**Instructions to follow**
Quote the lines of the data below verbatim, beginning at the line that contains "Das Bild zeigt" and ending at the last line, both included, and excluding pictures.

BEGIN Dataset excerpt

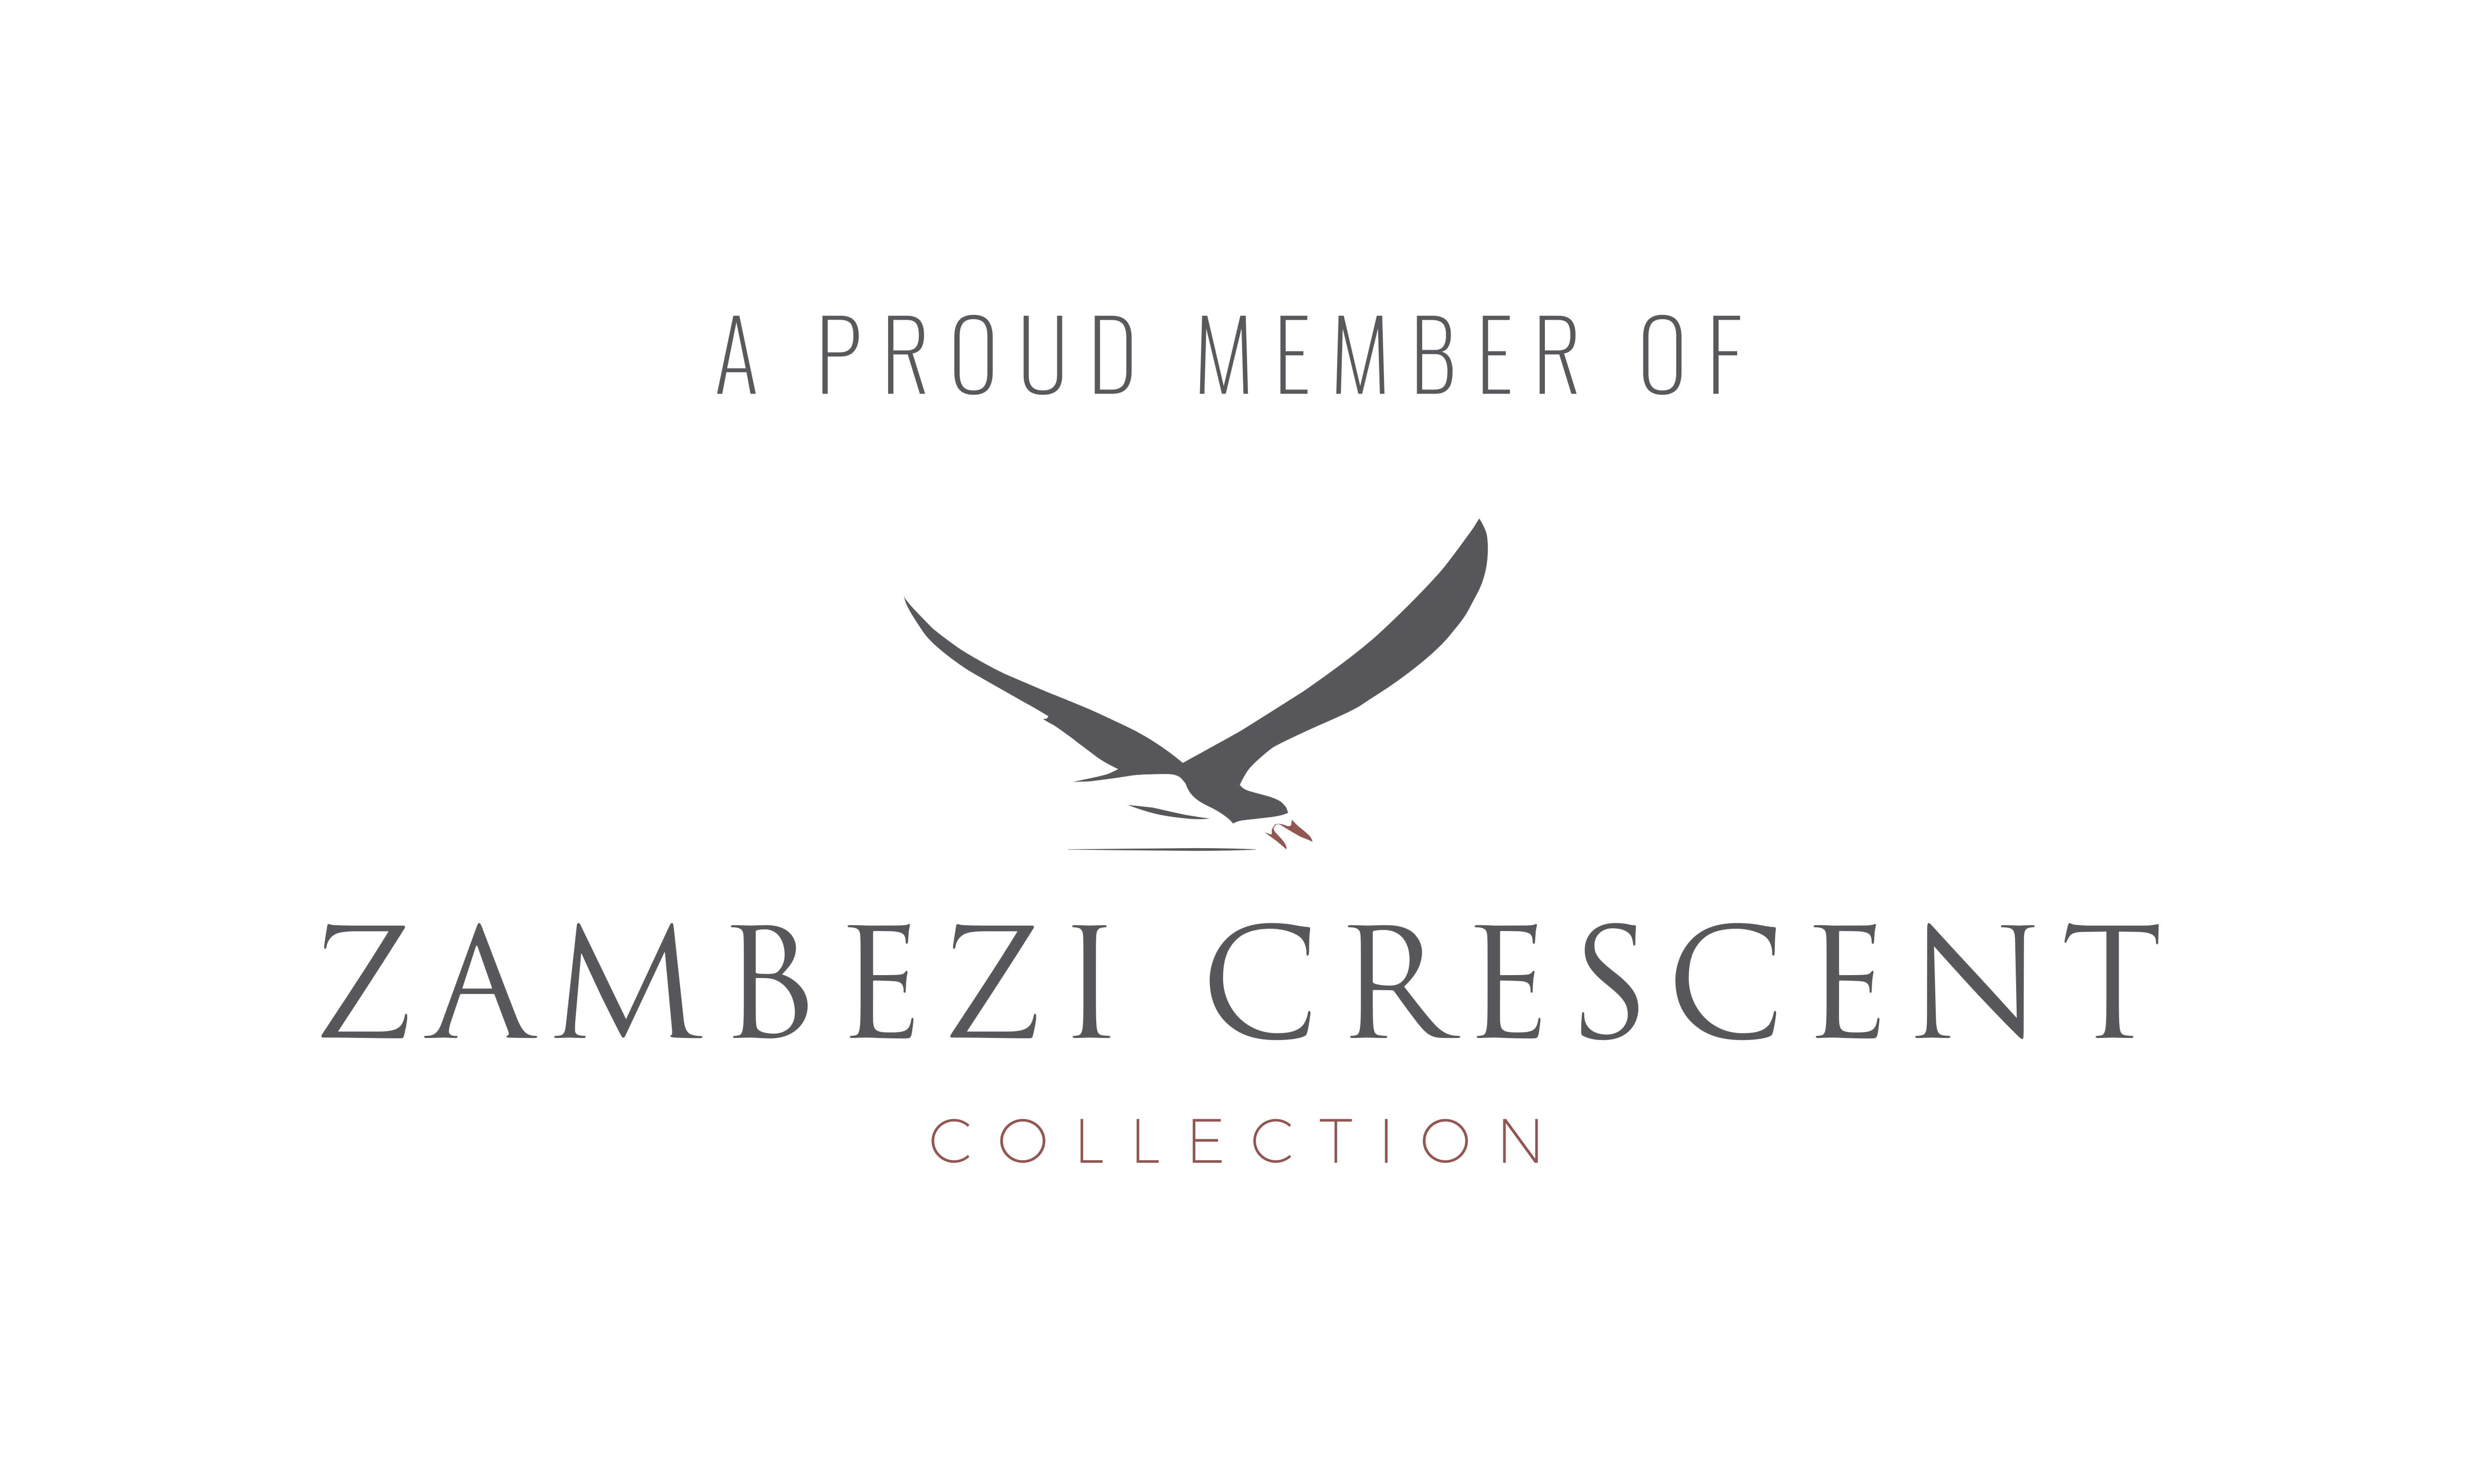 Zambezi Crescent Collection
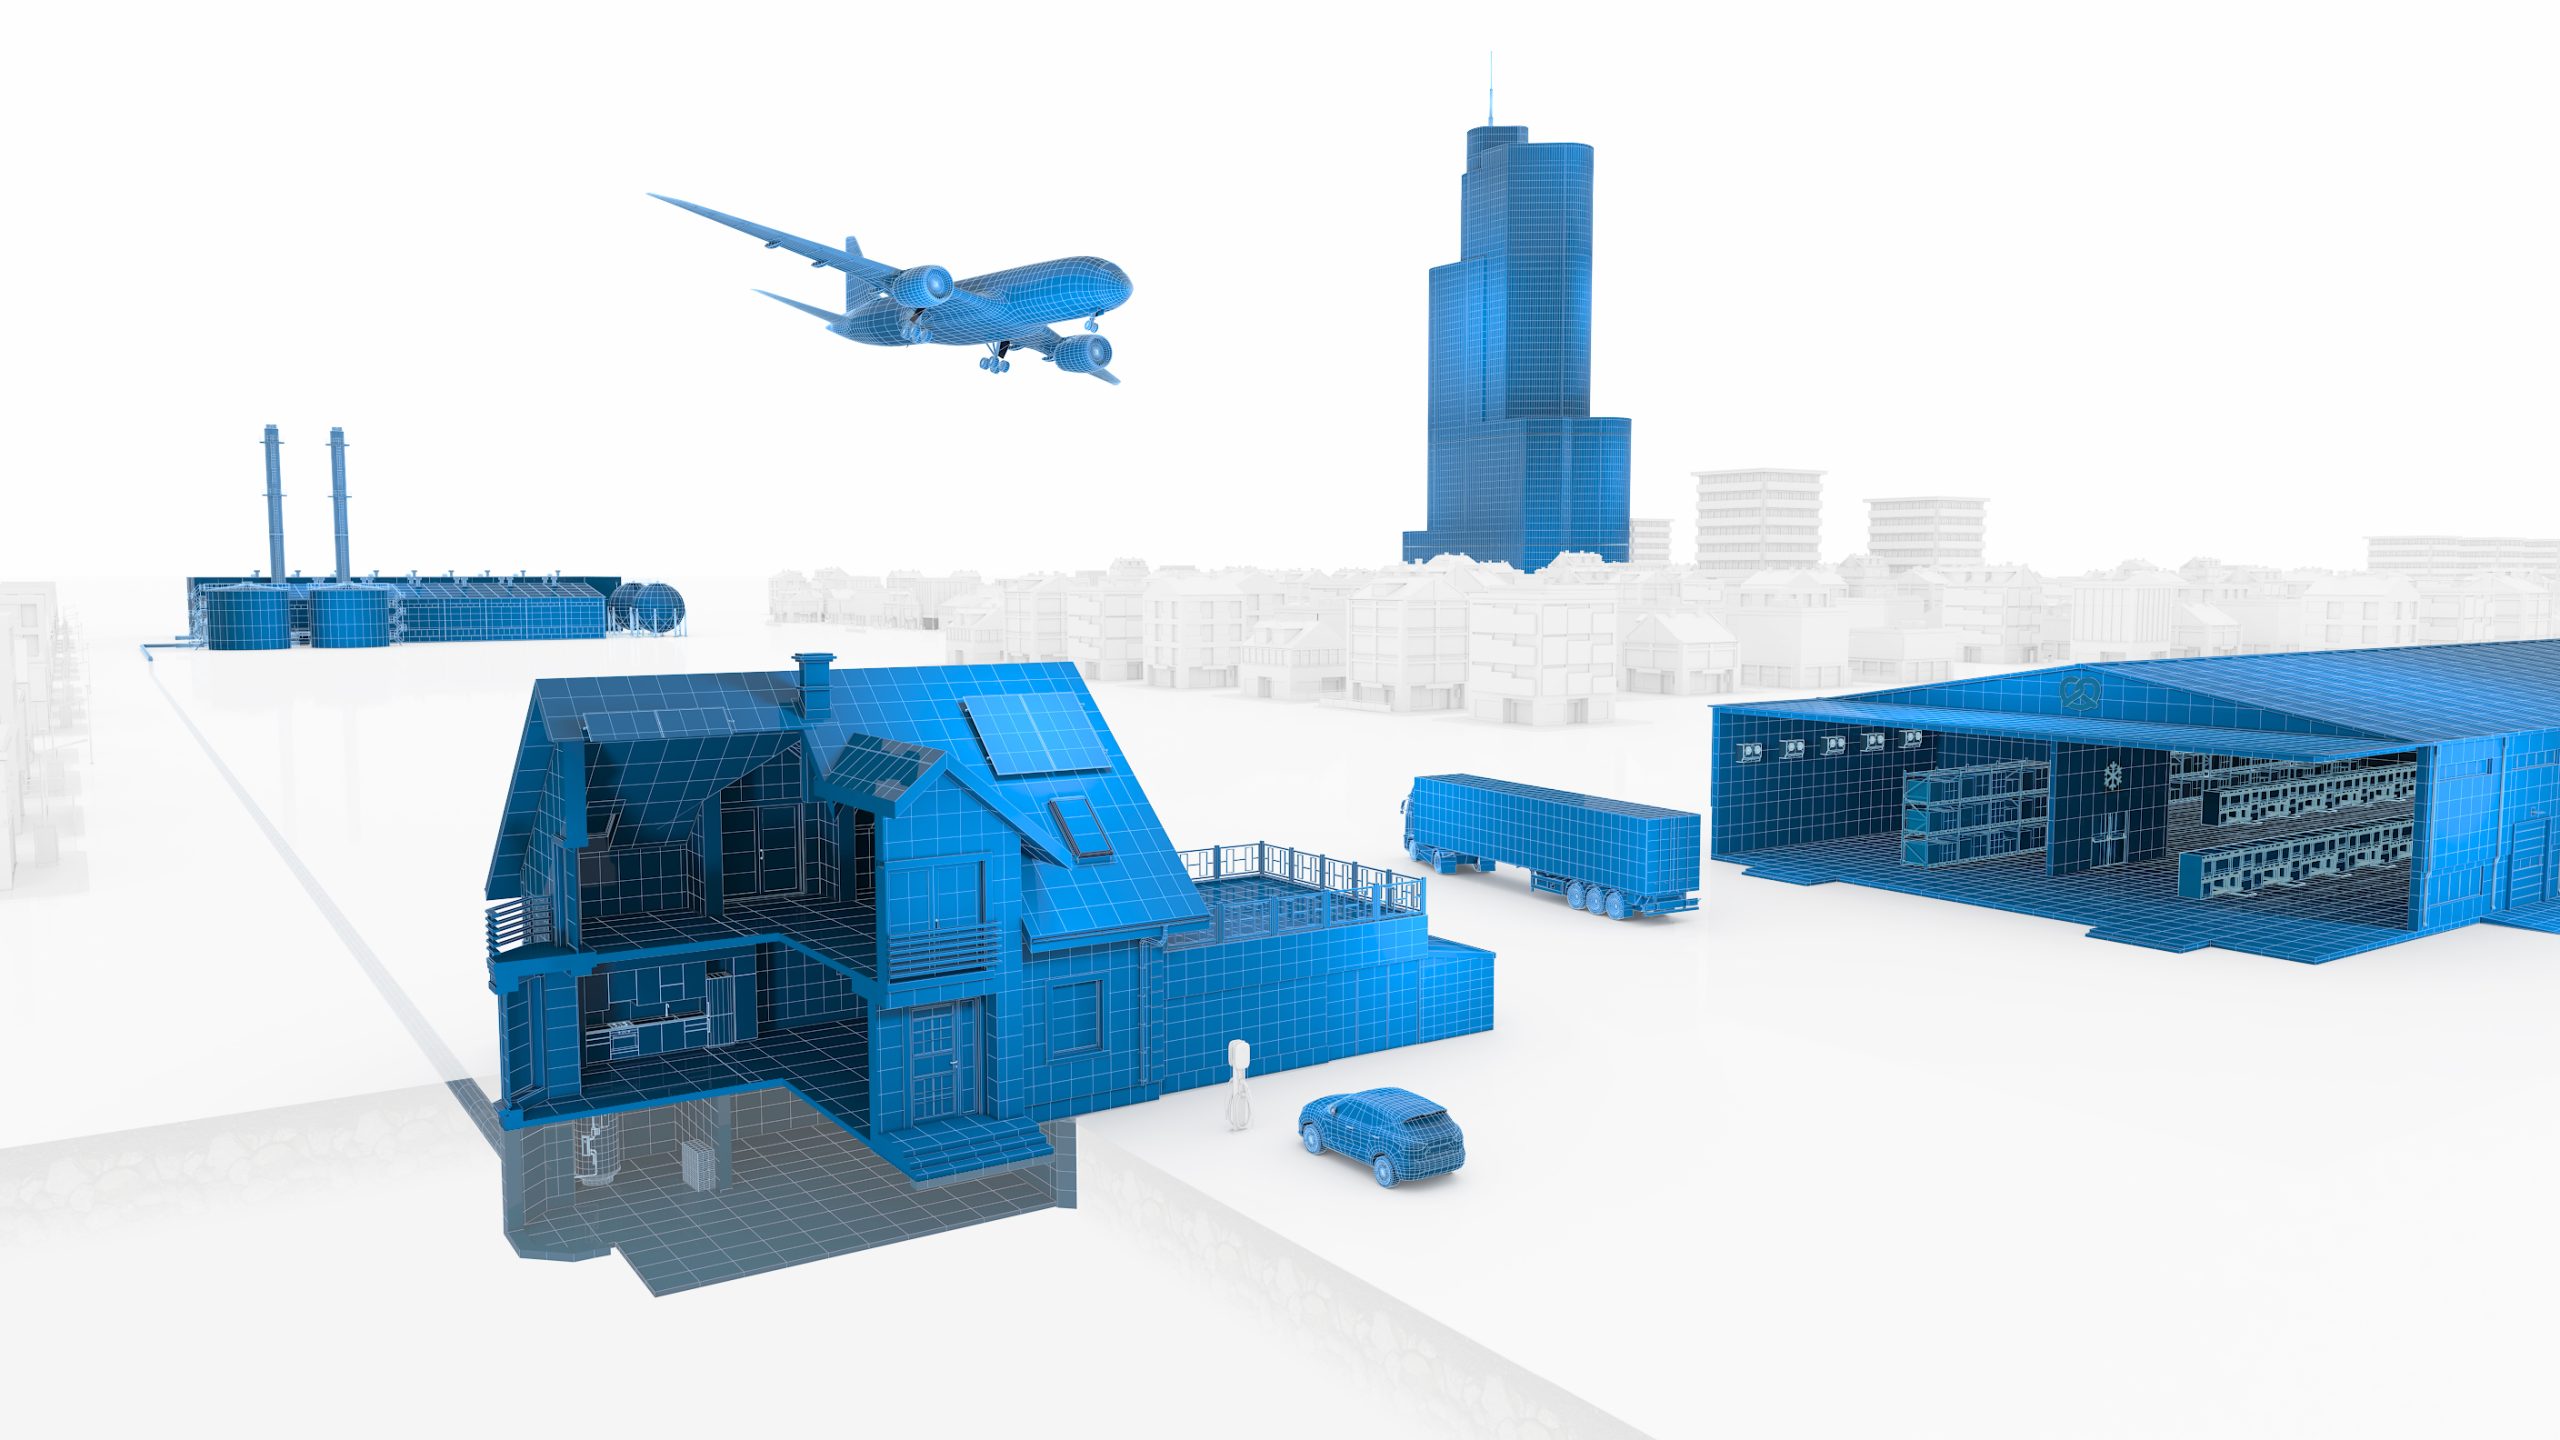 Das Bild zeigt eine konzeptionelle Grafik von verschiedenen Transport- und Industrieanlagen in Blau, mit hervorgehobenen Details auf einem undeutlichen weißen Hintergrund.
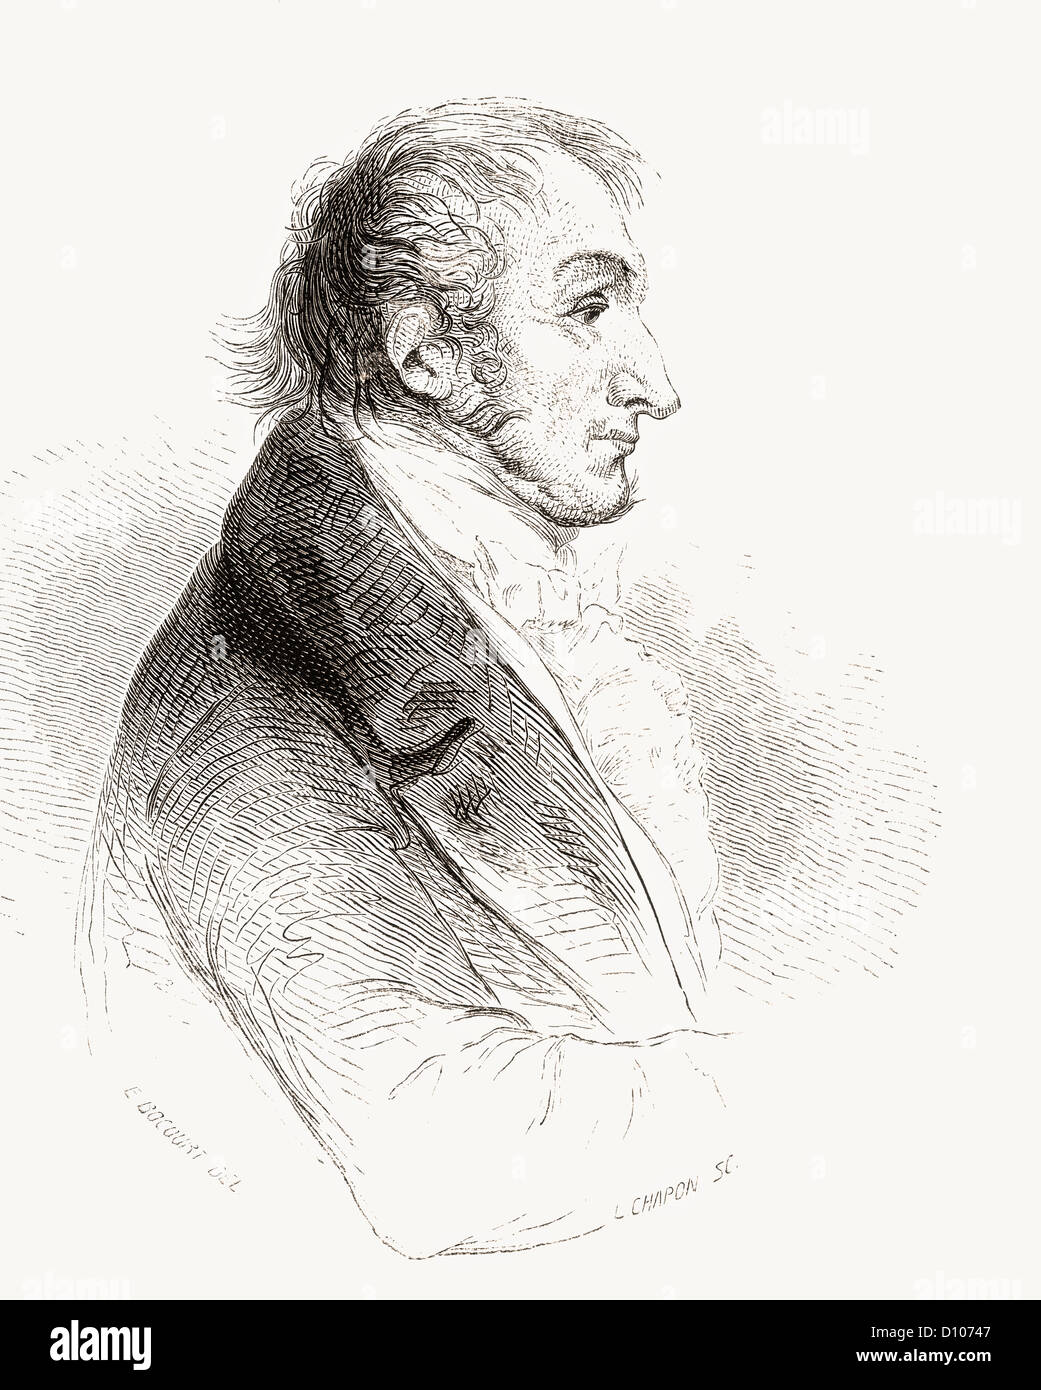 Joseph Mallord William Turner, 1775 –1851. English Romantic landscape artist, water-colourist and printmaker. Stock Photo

END Dataset excerpt

**Task output**
 Das Bild zeigt eine konzeptionelle Grafik von verschiedenen Transport- und Industrieanlagen in Blau, mit hervorgehobenen Details auf einem undeutlichen weißen Hintergrund.
 Joseph Mallord William Turner, 1775 –1851. English Romantic landscape artist, water-colourist and printmaker. Stock Photo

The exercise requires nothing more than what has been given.